__Task statement__:
Write out the data word for word, taking care that no picture is carried over.

─── Source data ───

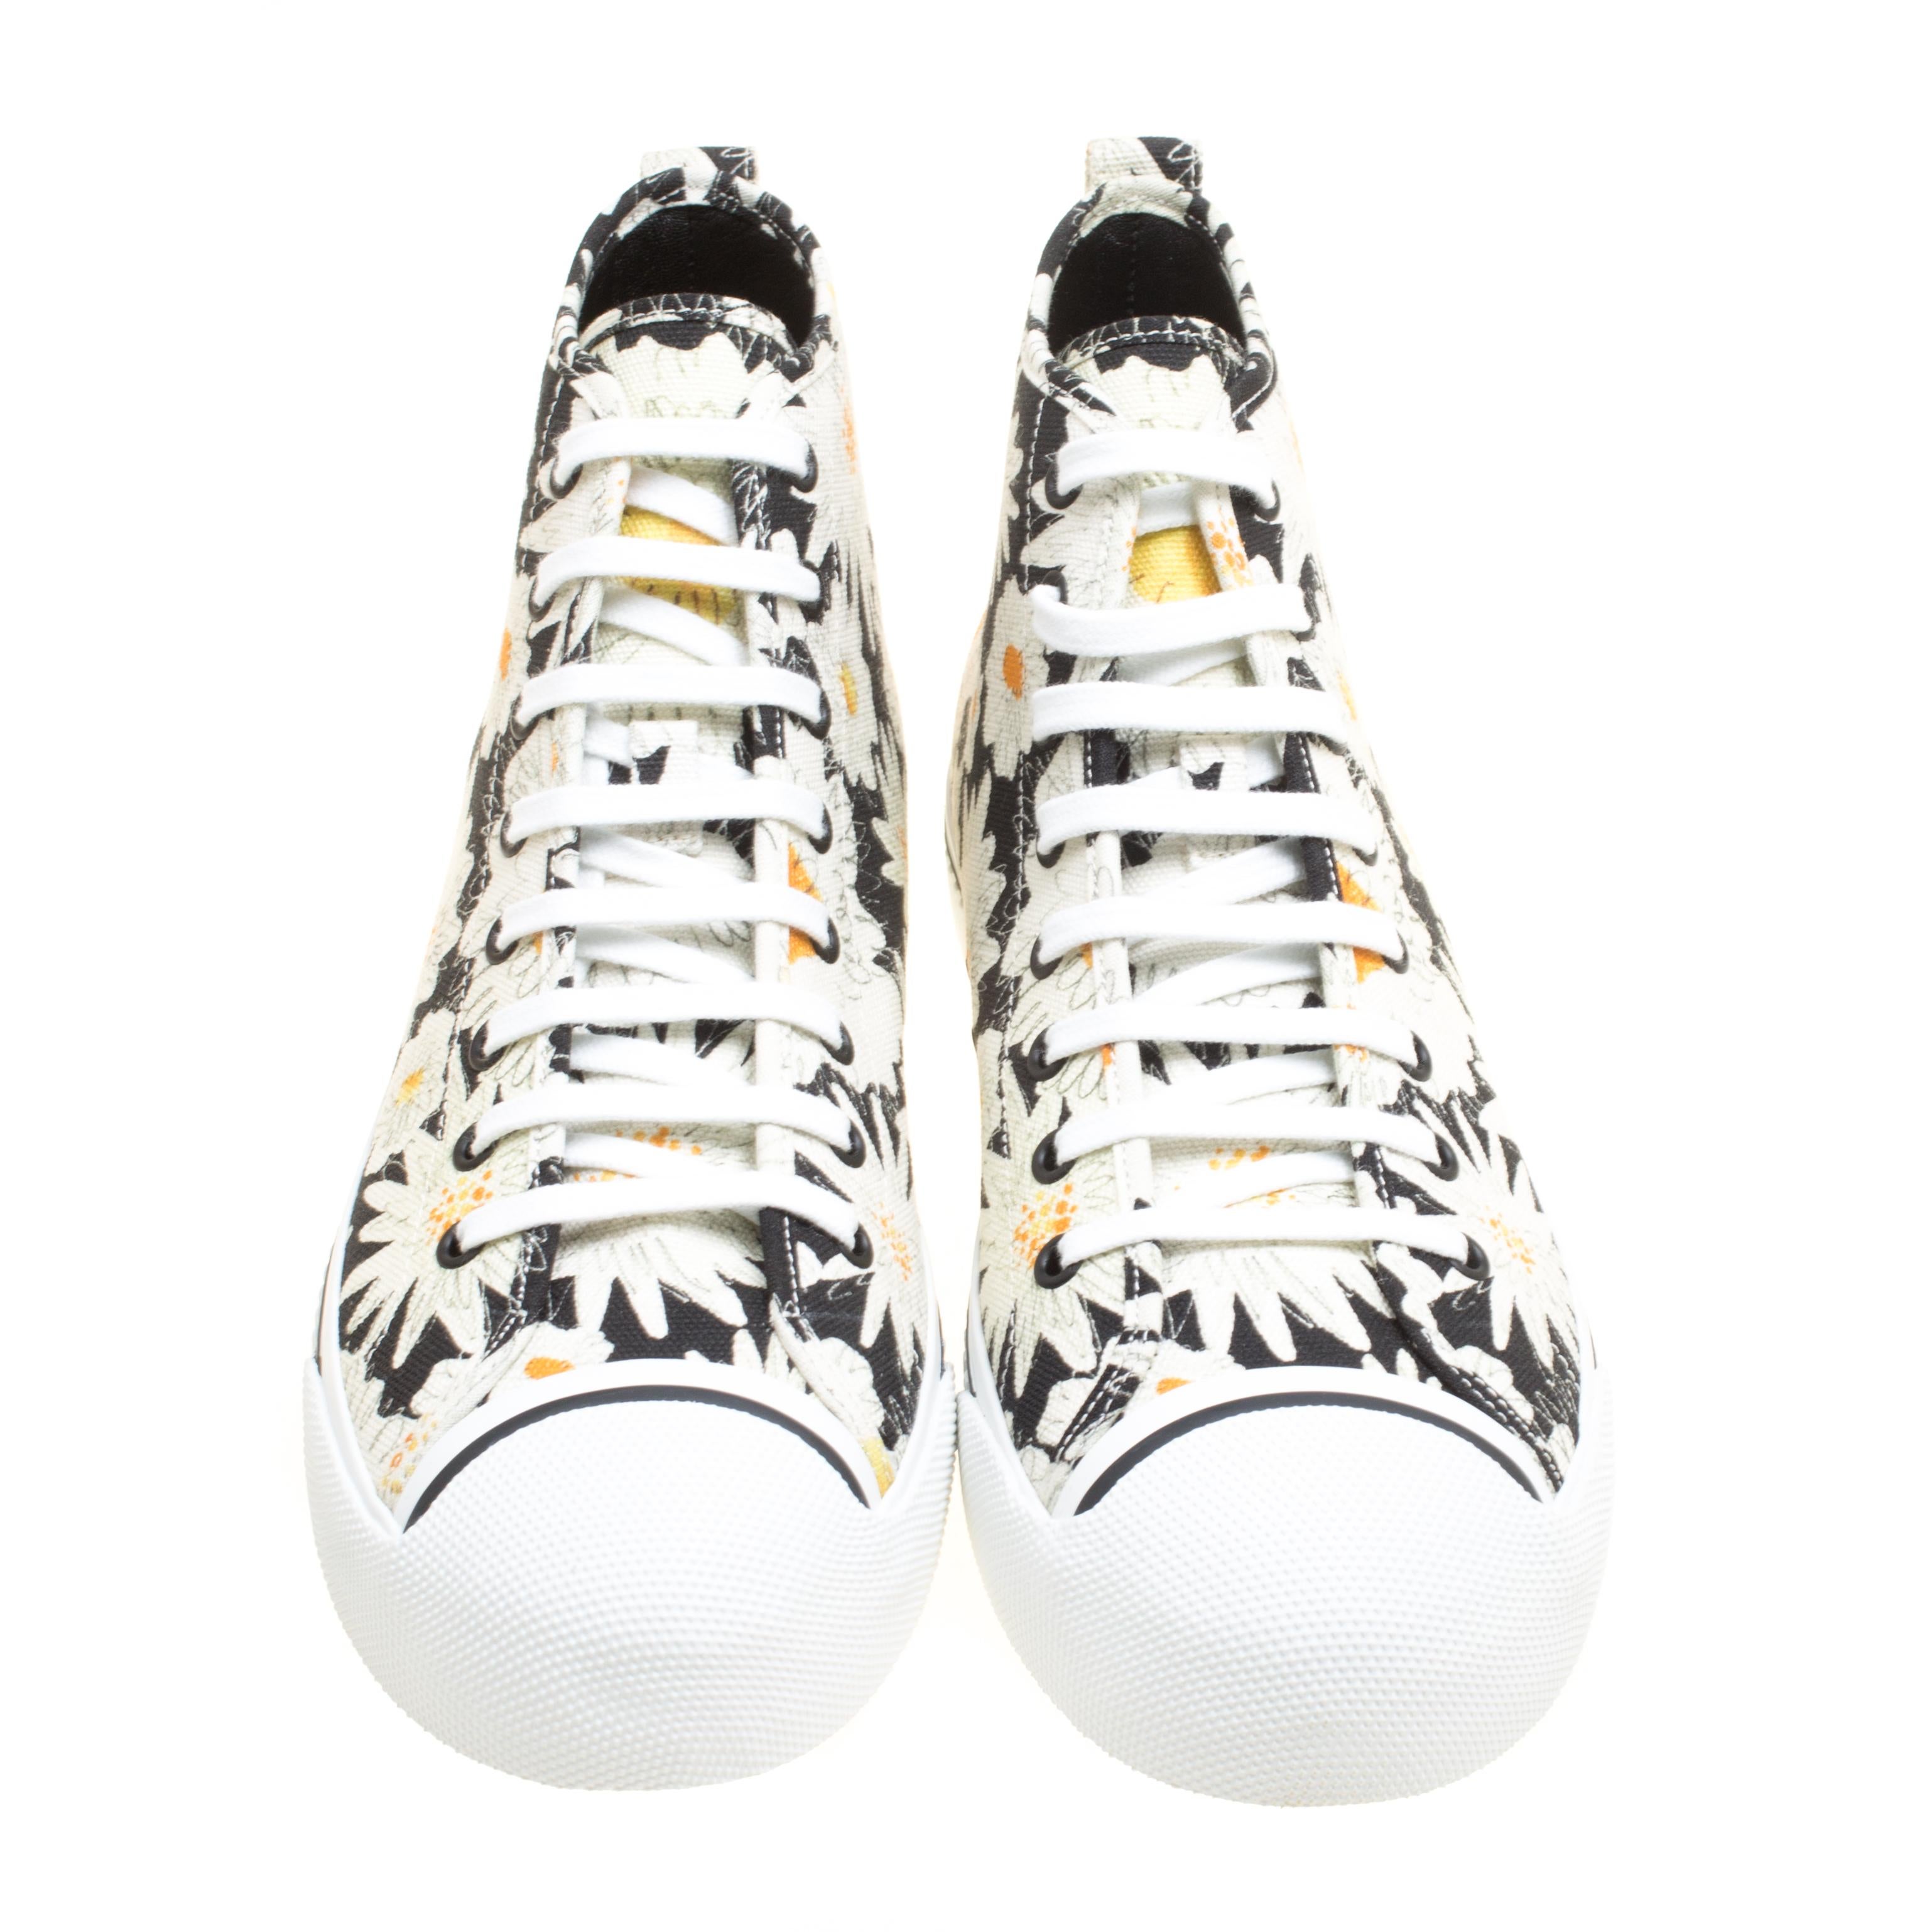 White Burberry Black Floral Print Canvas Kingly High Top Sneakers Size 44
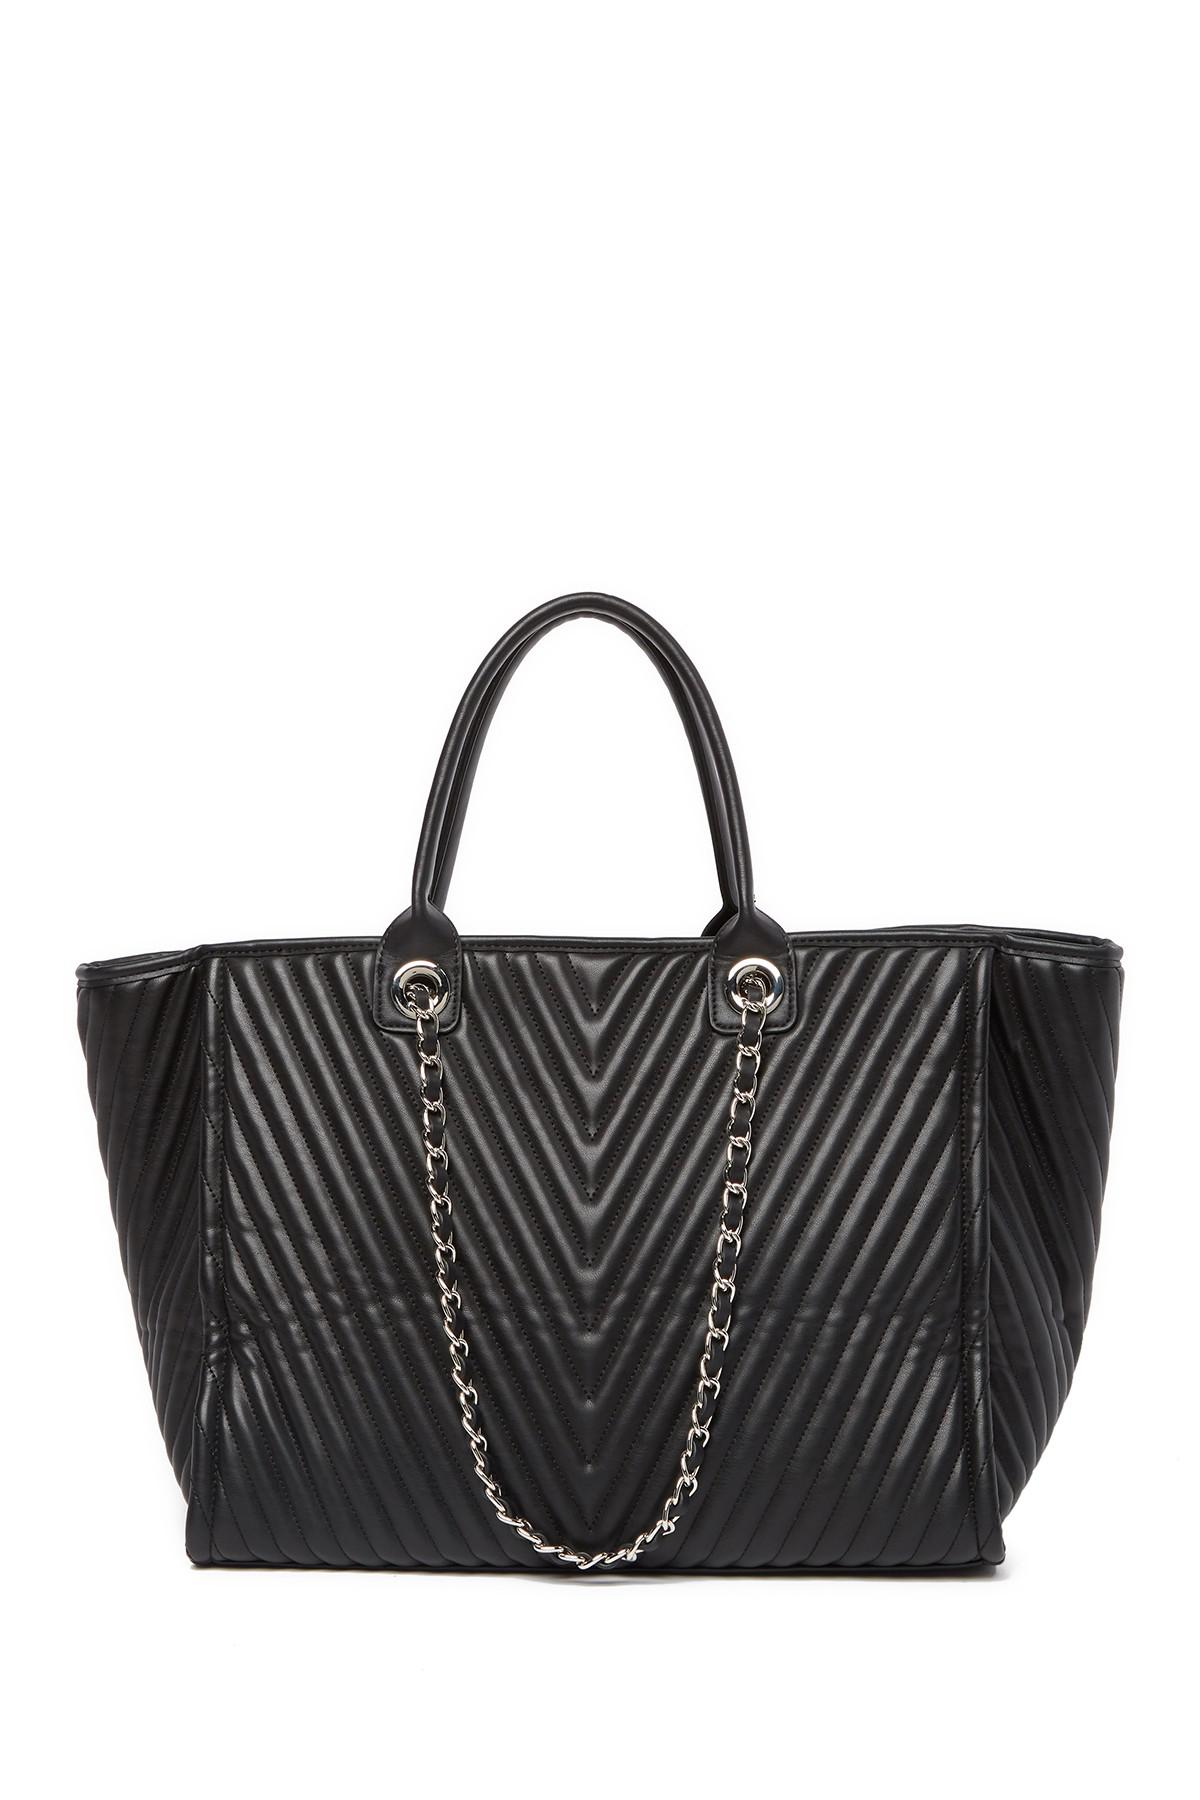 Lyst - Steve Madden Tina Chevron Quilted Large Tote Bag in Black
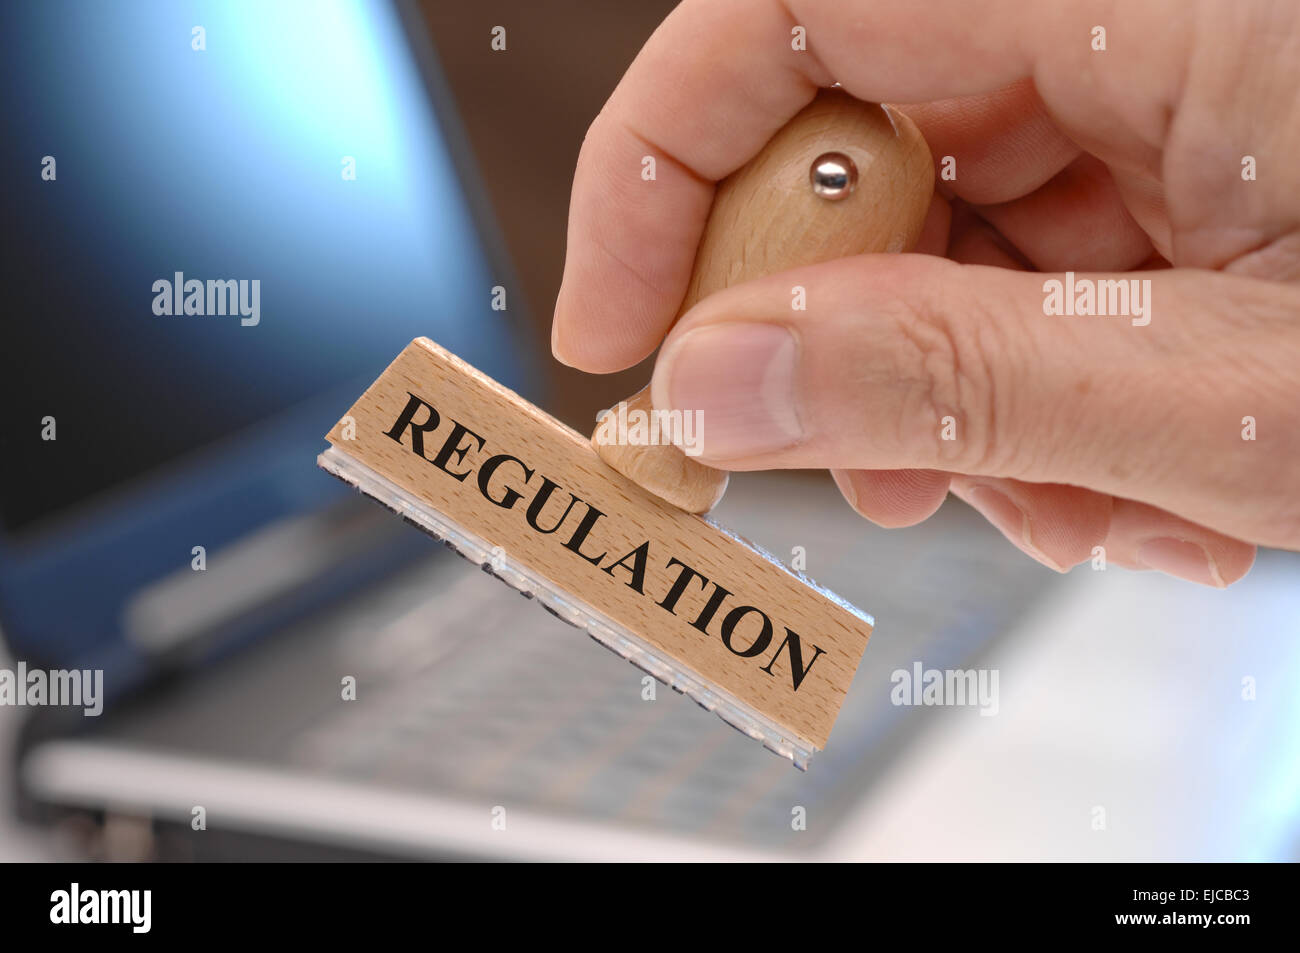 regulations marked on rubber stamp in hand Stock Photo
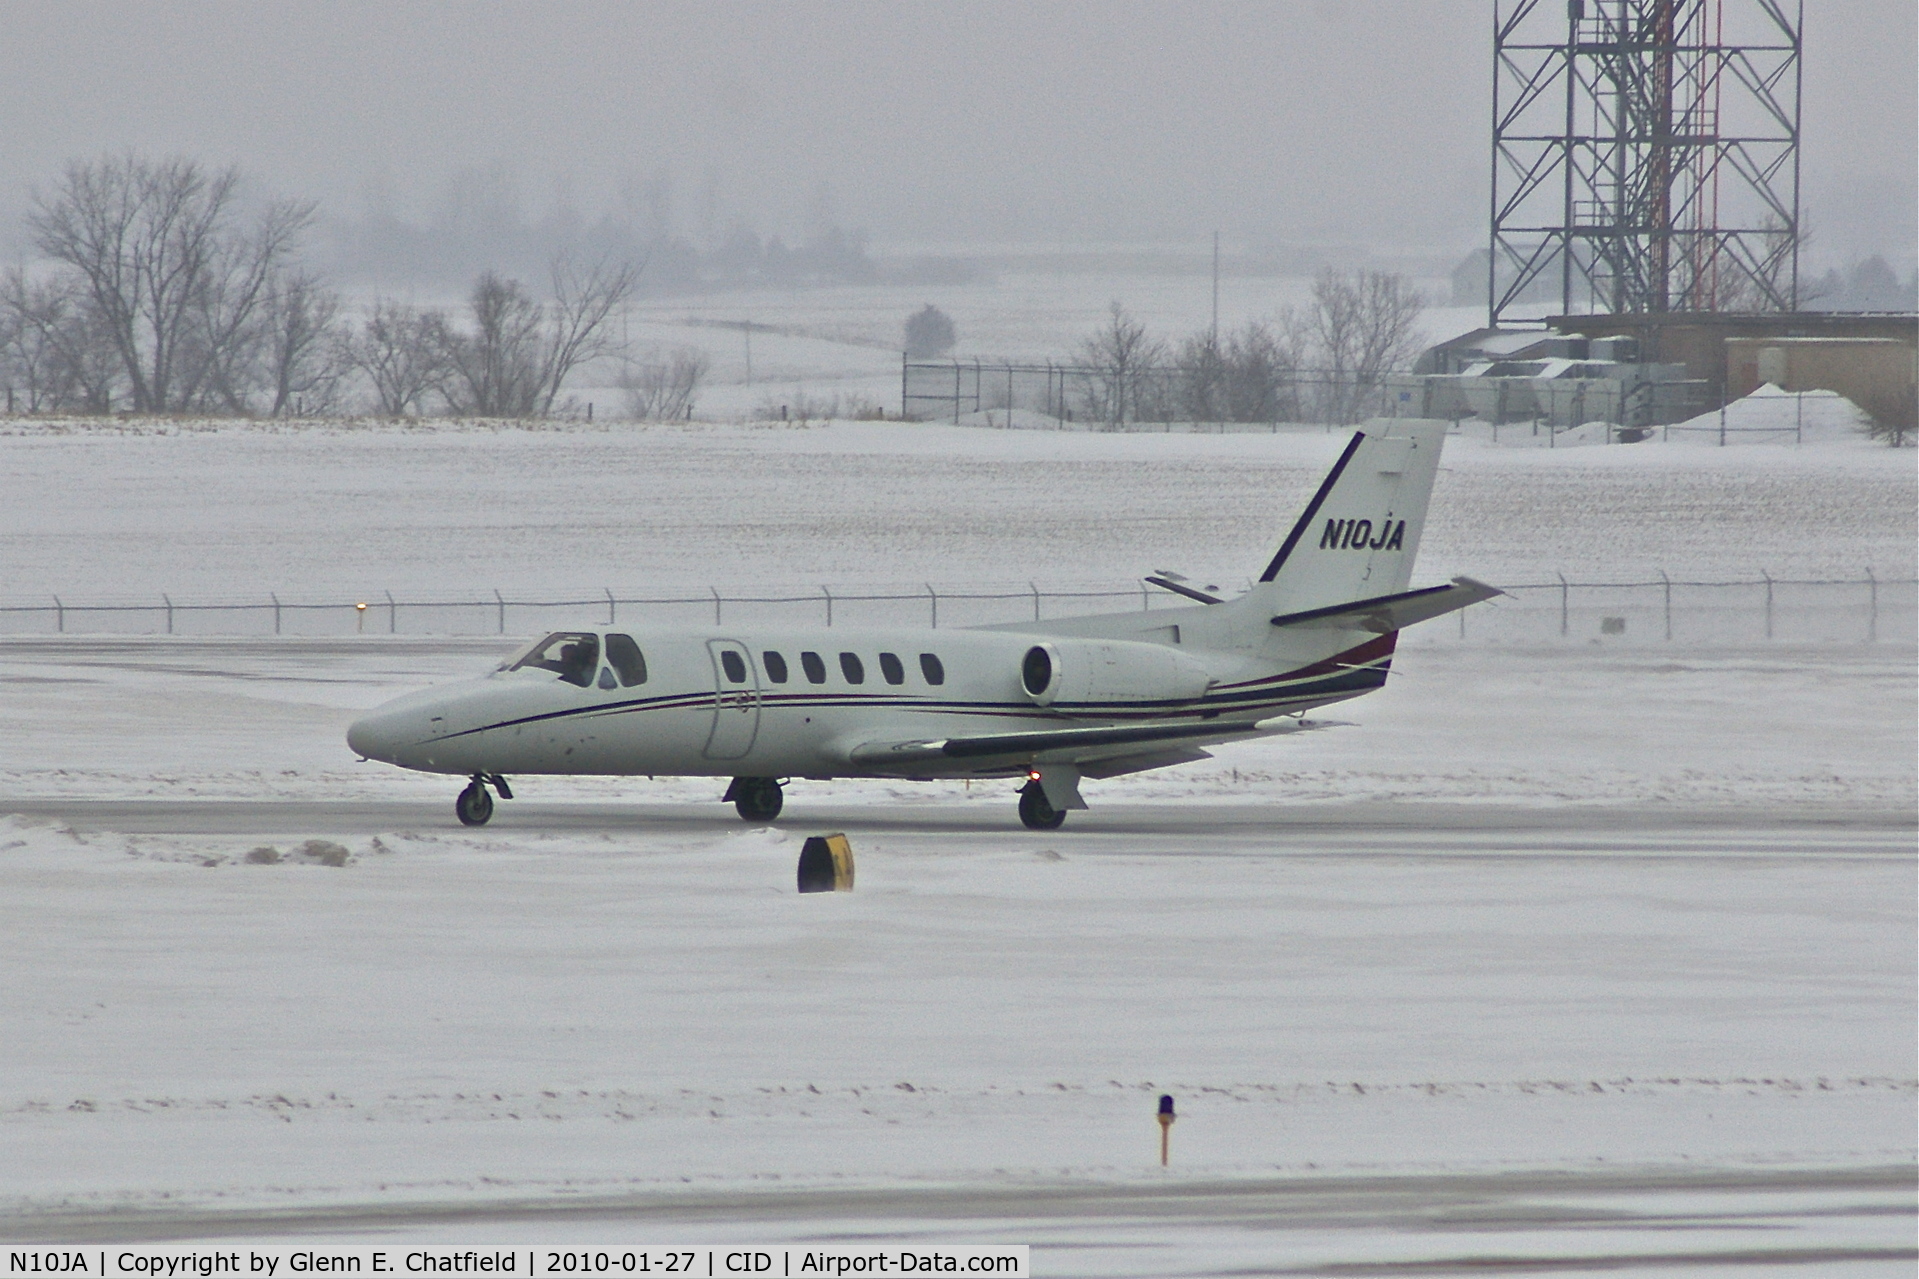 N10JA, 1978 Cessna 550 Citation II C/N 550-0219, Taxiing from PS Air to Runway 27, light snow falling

───

__Result of the exercise__:
 White Burberry Black Floral Print Canvas Kingly High Top Sneakers Size 44
 Lyst - Steve Madden Tina Chevron Quilted Large Tote Bag in Black
 regulations marked on rubber stamp in hand Stock Photo
 N10JA, 1978 Cessna 550 Citation II C/N 550-0219, Taxiing from PS Air to Runway 27, light snow falling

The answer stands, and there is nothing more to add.